I have tried using a circle to solve this problem, but it doesn't seem to help. Help me explain it, please!
In a triangle ABC, ∠ABC=112 and AB=BC. D is a point on the side AB and E is a point on the side AC such that AE=ED=DB. Find the size of ∠BCD.
I have tried using a circle to solve this problem, but it doesn't seem to help. Help me explain it, please!
AB = BC, so triangle ABC then is isosceles.
Angle BAC = angle BCA = (1/2)(180 -112) = 34 degrees.
AE = ED, so triangle AED is isosceles too.

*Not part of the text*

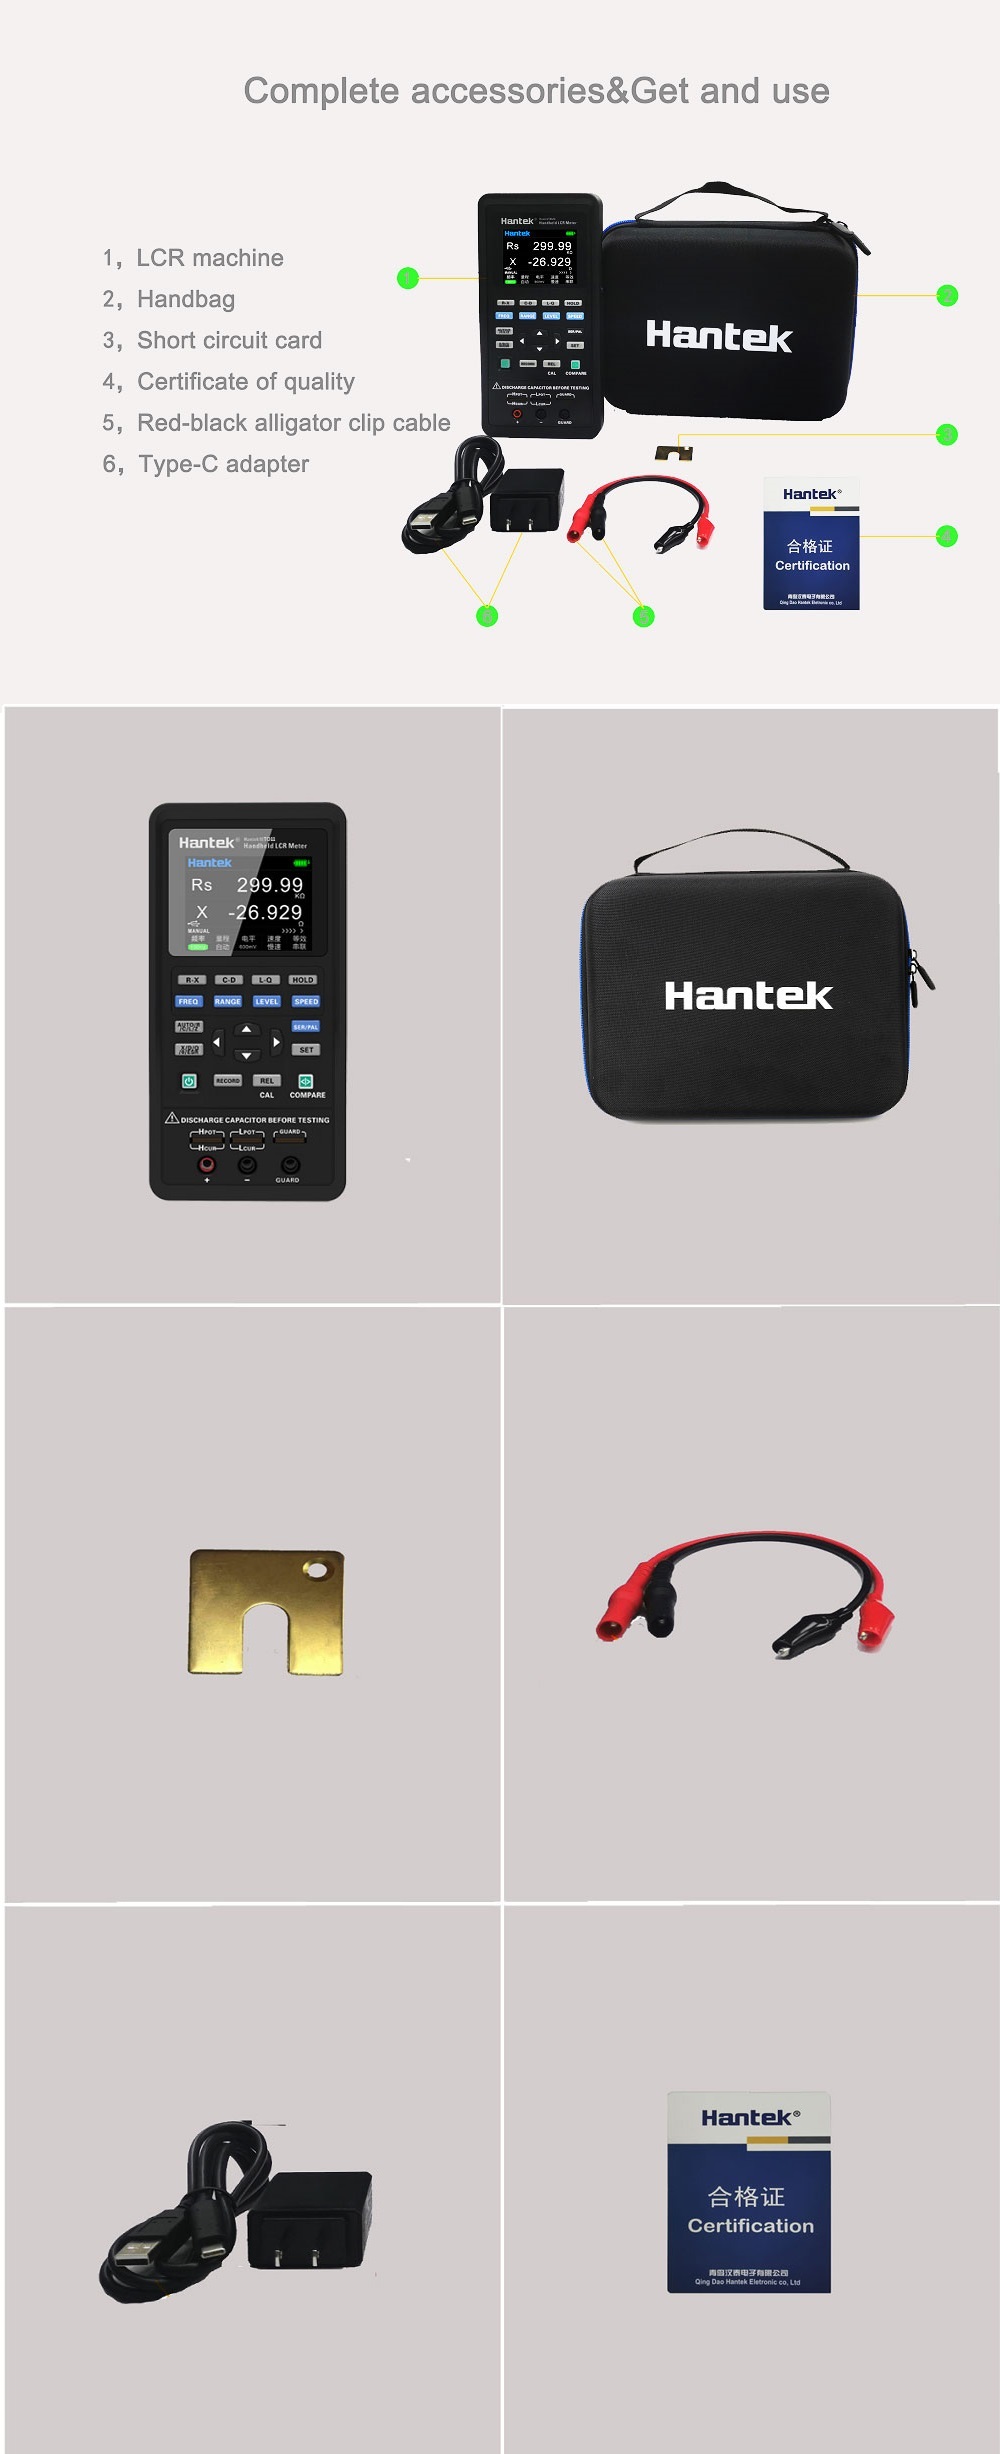 Hantek-Digital-LCR-Meter-Portable-Handeld-Inductance-Capacitance-Resistance-Measurement-Tester-Tools-1957907-2
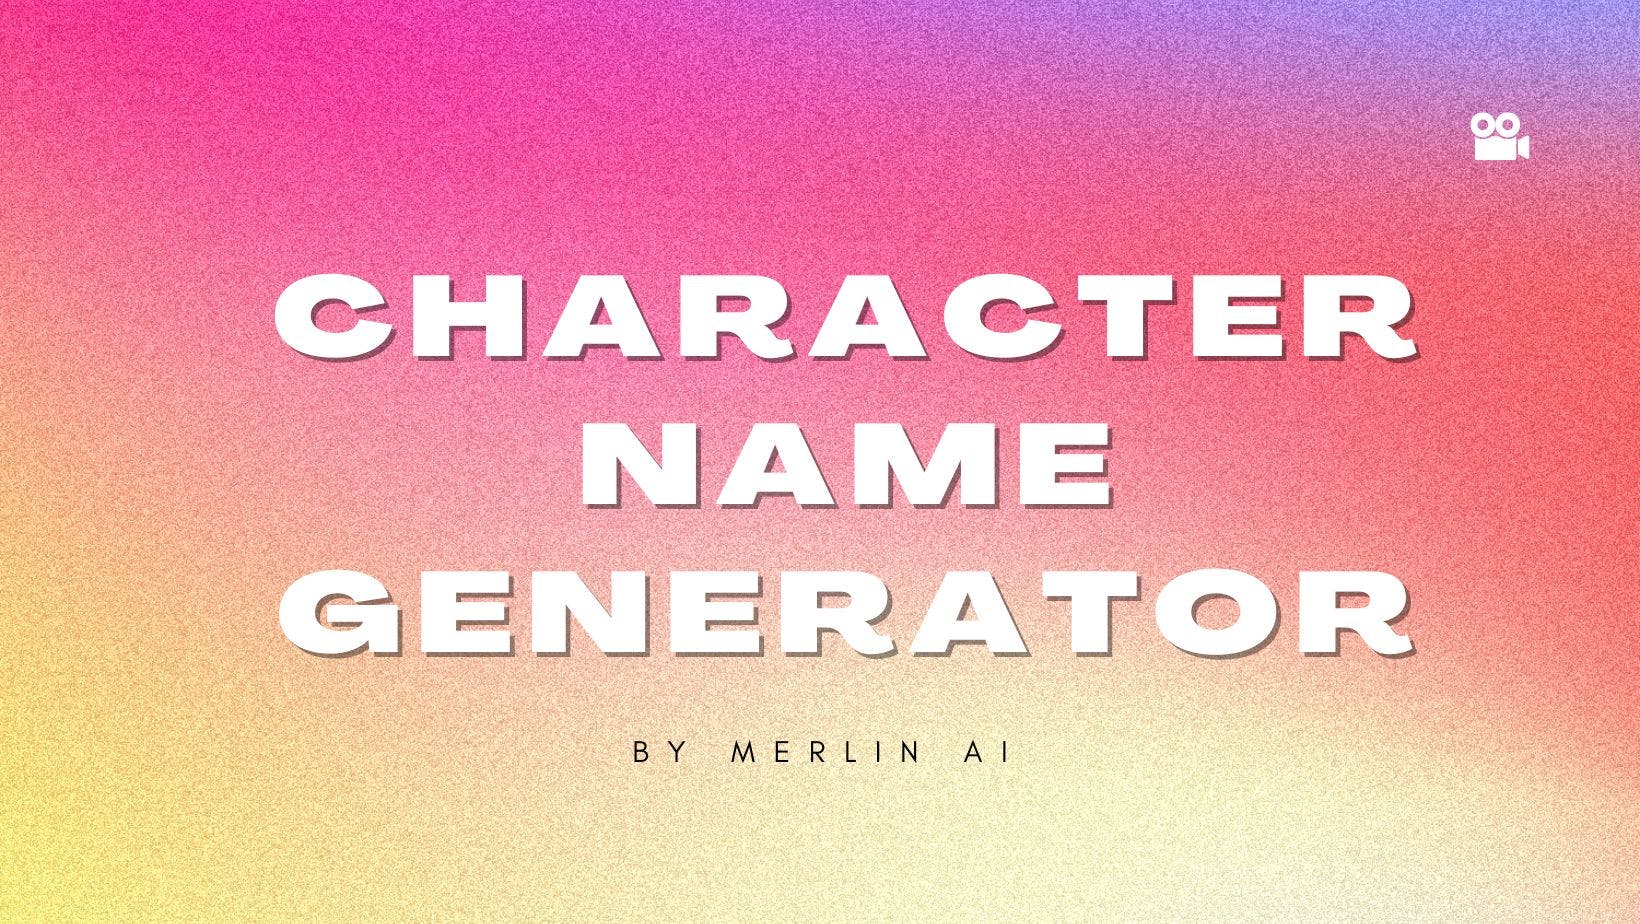 Cover Image for Бесплатный генератор имен персонажей от Merlin AI

Angle ADE = angle BAC = 34 deg
Angle AED = 180 -34 -34 = 112 deg
Angle AEC is 180 deg.
Angle DEC = 180 -112 = 68 deg
This is the key to the problem: ED = DB. It must mean something.
Draw a line segment DF from point E to base AC such that DF is equal to ED.
Triangle EDF is isosceles.
Angle DFE = angle DEF = angle DEC = 68 deg
Angle EDF = 180 -68 -68 = 44 deg
Draw line segment BF.
DF = DB, so triangle BDF is isosceles.
Angle BDA is 180 deg. Angle DEF = 180 -44 - 34 = 102 deg
Angle DBF = angle DFB = (1/2)(180 -102) = 39 deg
Quadrilateral DBCA looks like a kite.
Any quadrilateral has 360 degrees for the sum of its interior angles.
(Interior angles = (n-2)(180) = (4-2)(180) = 360 deg.)
So, angle DFC = 360 -102 -112 -34 = 112 deg
That means angle DFC = angle DBC.
That means DBCA is a kite. That means DC is a diagonal, the longer diagonal and it bisects angle BCF.
Angle BCF = angle BCA = 34 deg
Therefore,
angle BCD = angle FCD = (1/2)(34) = 17 degrees. ----------answer.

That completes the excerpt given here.